Farther afield, Off Broadway, the preoccupation is with safety: Suzan-Lori Parks’s “Sally & Tom” (Public; March 28) imagines an actor couple negotiating their own racial and sexual politics while playing Sally Hemings and Thomas Jefferson, in the supposedly protected space of theatre; the composer Dave Malloy is back with “Three Houses” (Signature; April 30), a tripartite musical about an intergenerational haunting in three places of theoretical refuge; Abe Koogler’s “Staff Meal” (Playwrights Horizons; April 12) creates a mysterious restaurant that offers respite from a world in flames; and in the late spring, at Classic Stage Company, LaChanze directs a rare revival of Alice Childress’s “Wine in the Wilderness,” from 1969, in which a Black woman forces her portraitist to truly see her as riots rage outside. How do we find places of safety? And how do we keep them, or return to them, once they’re found? As the uptown shows roll down the windows and turn up the radio, downtown, it seems, the artists are thinking about locking the door.—Helen Shaw


Dance

Illustration by Millie von Platen
Eccentric Flamenco, Mark Morris on Burt Bacharach

From March onward, many of New York’s companies holding their in-town seasons are joined by visitors from elsewhere. This year, Olga Pericet (March 15), an intriguing and occasionally eccentric flamenco artist based in Madrid, comes to City Center as part of the Flamenco Festival (March 8-17), with her one-woman show “La Leona.” The title (“the lioness”) borrows the moniker of a sonorous flamenco guitar developed in the mid-nineteenth-century—and could also apply to Pericet herself. She is a diminutive dancer-choreographer with an imposing stage presence, unafraid to break conventions—at points in the show, she wears a mask and dances topless—while exhibiting an impressive mastery of form.

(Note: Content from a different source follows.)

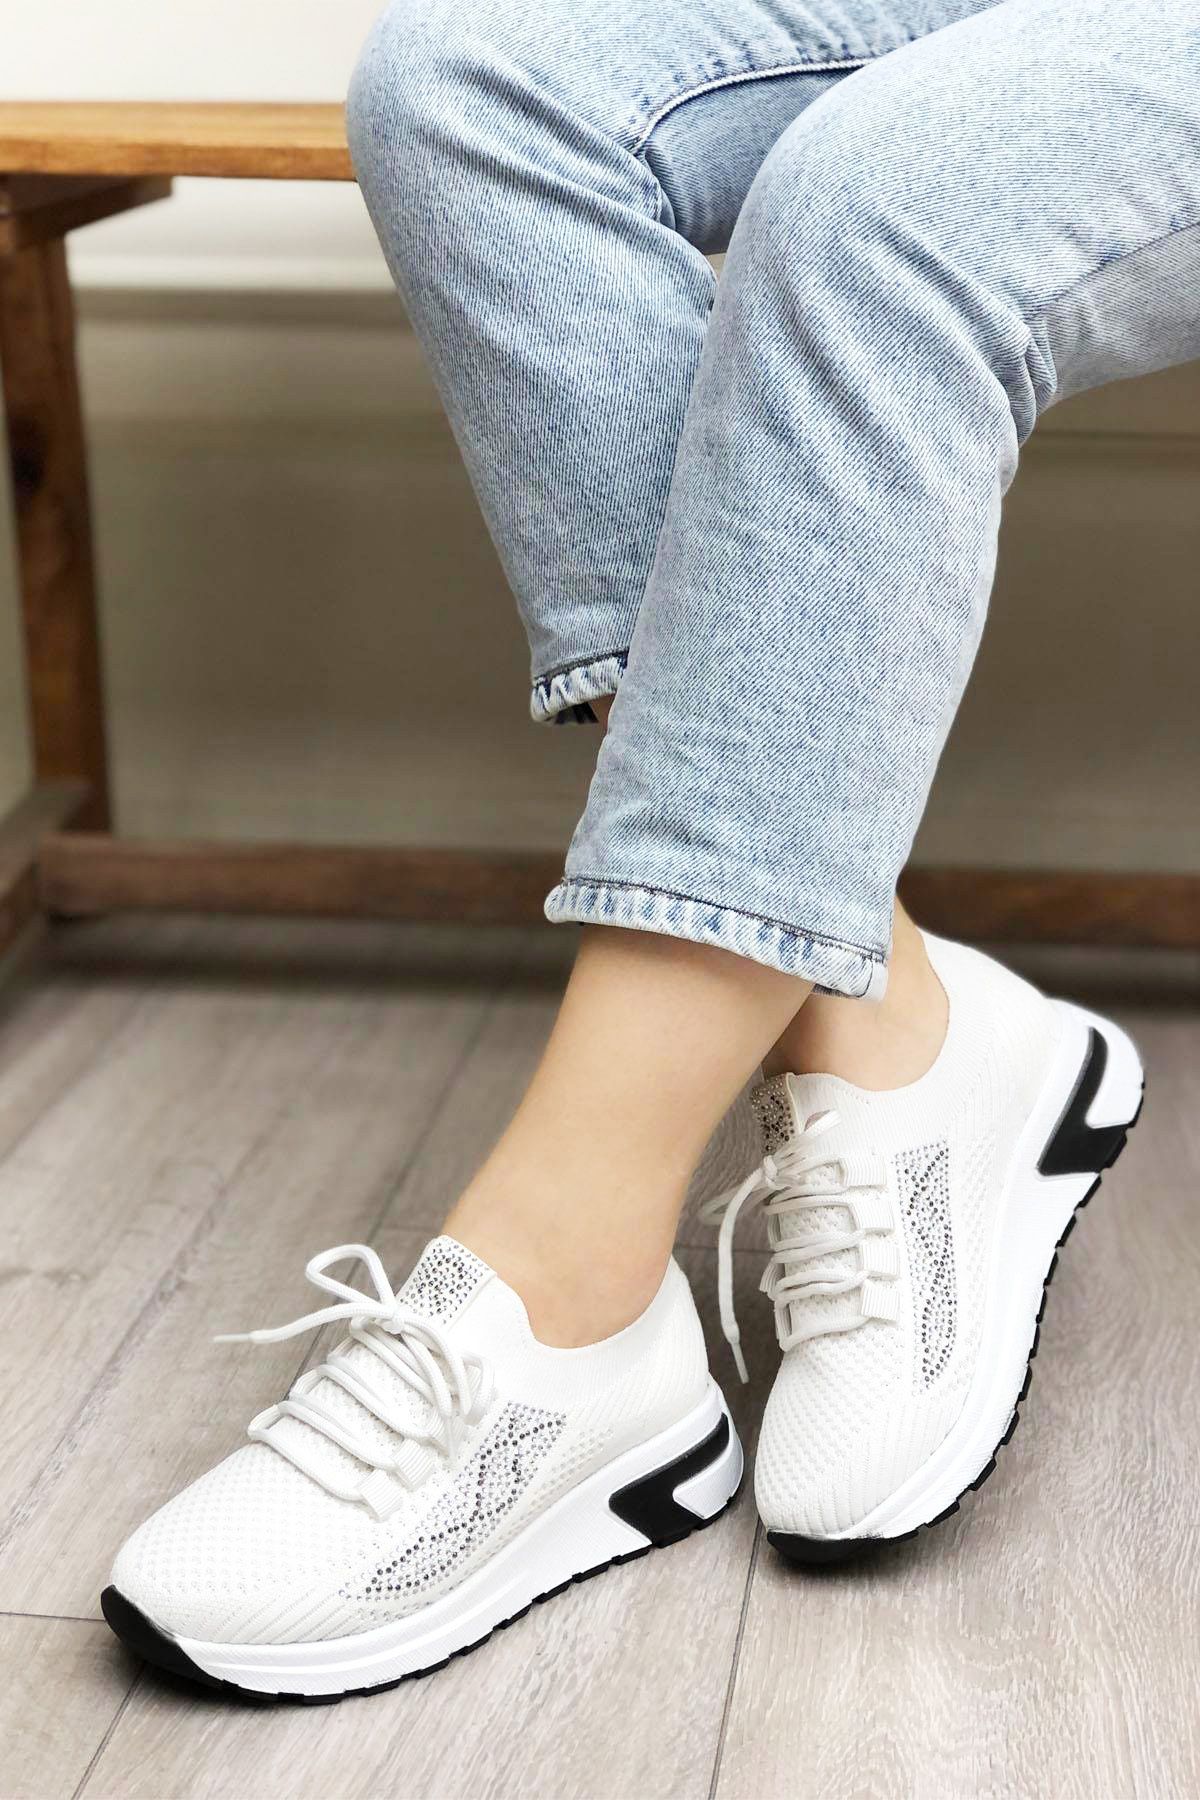 Afilli Kadın Beyaz Kalın Platform Taban Triko Taşlı Parlak Hafif Yürüyüş Günlük Sneaker Spor Ayakkabı

Mark Morris Dance Group’s yearly run at the Brooklyn Academy of Music (March 20-23) is one of the remnants of BAM’s once rich dance offerings. In “The Look of Love,” Morris, more often associated with Baroque music, responds to the familiar melodies of Burt Bacharach. (Even Kermit the Frog has sung “Raindrops Keep Fallin’ on My Head.”) The songs, adapted by Ethan Iverson for jazz ensemble and the vocalist Marcy Harriell, speak of life’s foibles with an earnestness that Morris both channels and subverts, with a suite performed by his wonderfully down-to-earth dancers. Loneliness and pain keep peeking through the friendly veneer—but hope remains.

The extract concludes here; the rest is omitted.